It was fifty degrees and drizzly (my least favorite running weather) but I knew I would only get one shot at it. We were camping for the weekend to test out our new trailer but I knew we would be leaving when I got back to camp. Everything I had planned did not sound fun in 20 mph, rainy wind. On our pandemic adventure in the trailer, leaving wasn’t a luxury we exercised. We stayed wherever we were and made the best of it, which meant that on several occasions we were the only ones left at a campground. But that’s not true anymore.

Even if the rest of my body is objecting, my ears tell me that I’m making progress one gravelly step at a time.

On this trail, I was touching actual dirt. I’d been running on snow since November, but now it was March and I was lower in elevation so it had already melted. It was my favorite kind of dirt too, the kind that sounds crunchy. Even if the rest of my body is objecting, my ears tell me that I’m making progress one gravelly step at a time. The sandy, circular bits of granite beneath my feet had weathered off rock that used to be buried on the bottom of Lake Bonneville, the historic body of water under which the city and most of the Salt Lake valley used to be covered.  

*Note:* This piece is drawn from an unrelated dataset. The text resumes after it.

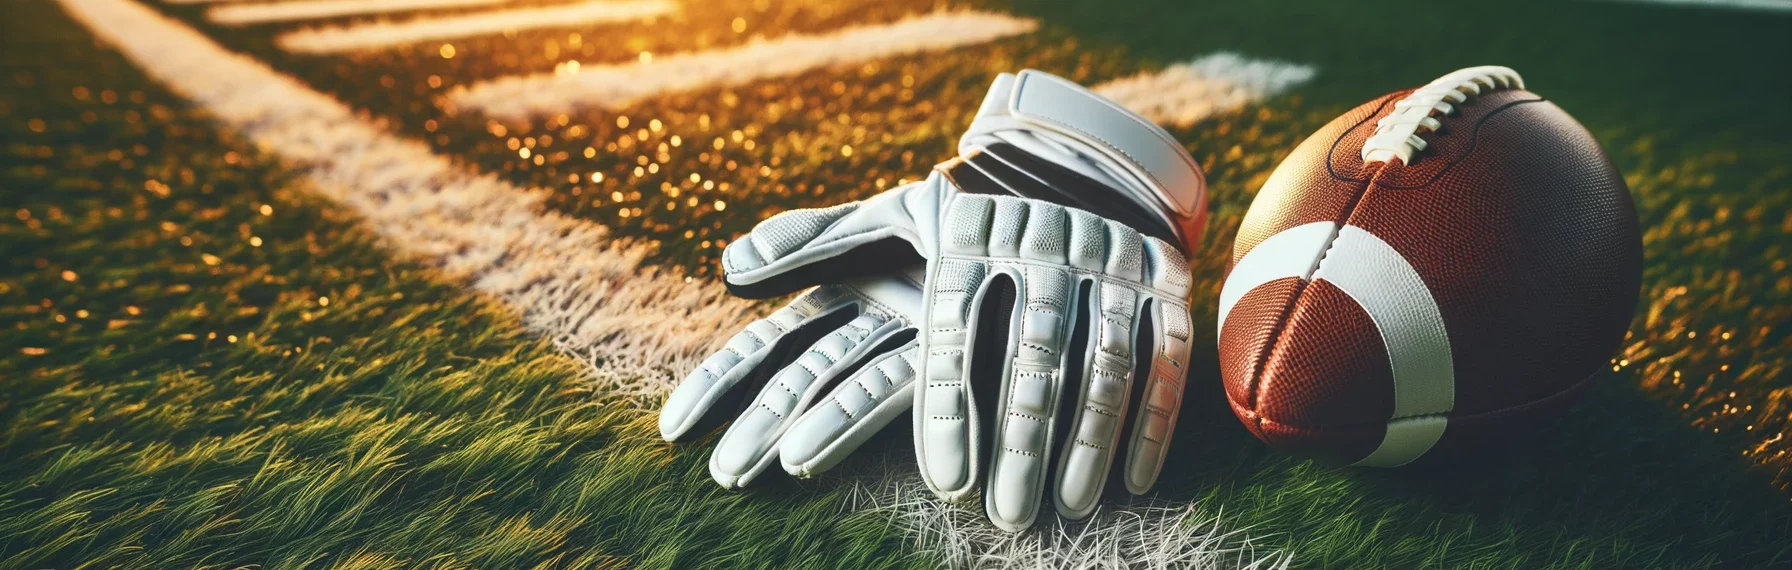 Foto eines Paars American-Football-Handschuhe, die auf einem grasbewachsenen Feld liegen, wobei die weißen Begrenzungslinien sichtbar sind.

Lake Bonneville’s shoreline grew and receded over thousands of years and now it’s the Great Salt Lake. Which is also shrinking, as shown by the informational sign in the visitor center about the historic low; it’s covered with a tacked-up piece of copy paper saying that 2022 was the new lowest point. This paper looks fresh and I imagine that there’s a Word document on the Ranger’s computer because this is nothing if not a lake of dramatic changes.

It’s the earth’s crust pulling apart, and surprisingly pretty for such a violent tectonic rending.

The mellow trail loop took me around Buffalo Point but I hoped any sightings would occur at a distance. The bison had been introduced years before by a fellow wanting to turn the island into a hunting attraction. I kept my attention attuned for the animals but mostly looked at my feet during the rocky sections because breaking or twisting something this early in the season didn’t sound like the kind of spice I wanted in my life. During the smooth stretches, I looked up and around because the water of the Great Salt Lake has an unexpected greenish tinge that was quite lovely against the Basin and Range mountains that stretch through western Utah and Nevada. It’s the earth’s crust pulling apart, and surprisingly pretty for such a violent tectonic rending.

The closest set of these uplifts – I hesitate to call them mountains when the Wasatch Range was so much more significant and only one head swivel away - had a hat made of clouds. They dissipated and re-formed still touching the peaks, and I had seen this phenomenon when in Nepal. Of course, the Himalayas made these Utah mountains seem like anthills, but apparently size doesn’t matter when it comes to mountains making their own weather.

I suppose it shouldn’t be a surprise because mountains project into the atmosphere, so of course that would interrupt air patterns. That means clouds leave and return, making bunny rabbits and dragons and flowers during their transformation. Or whatever other shapes we assign to them when we take the time to look. The anthropomorphizing of water vapor.

They were both created by the wind, an element invisible until it’s pushing against our car windshield or finding it’s way between the cracks of an unzipped jacket.

Just as I rounded the corner on Buffalo Point, something floated across the trail. It was about 10 feet above my head and at first I thought it was a remote controlled parachute. I scanned the rocks for the someone directing the object with shiny chrome joysticks, but none appeared. Only sagebrush and seagulls.

Looking closer, it was clear that this mystery object was solely subject to the whims of the wind. It wasn’t powered, and it wasn’t even being held anymore – it was a shiny, happy birthday mylar balloon.  It was too high for me to catch so I stood still watching it float away across the water.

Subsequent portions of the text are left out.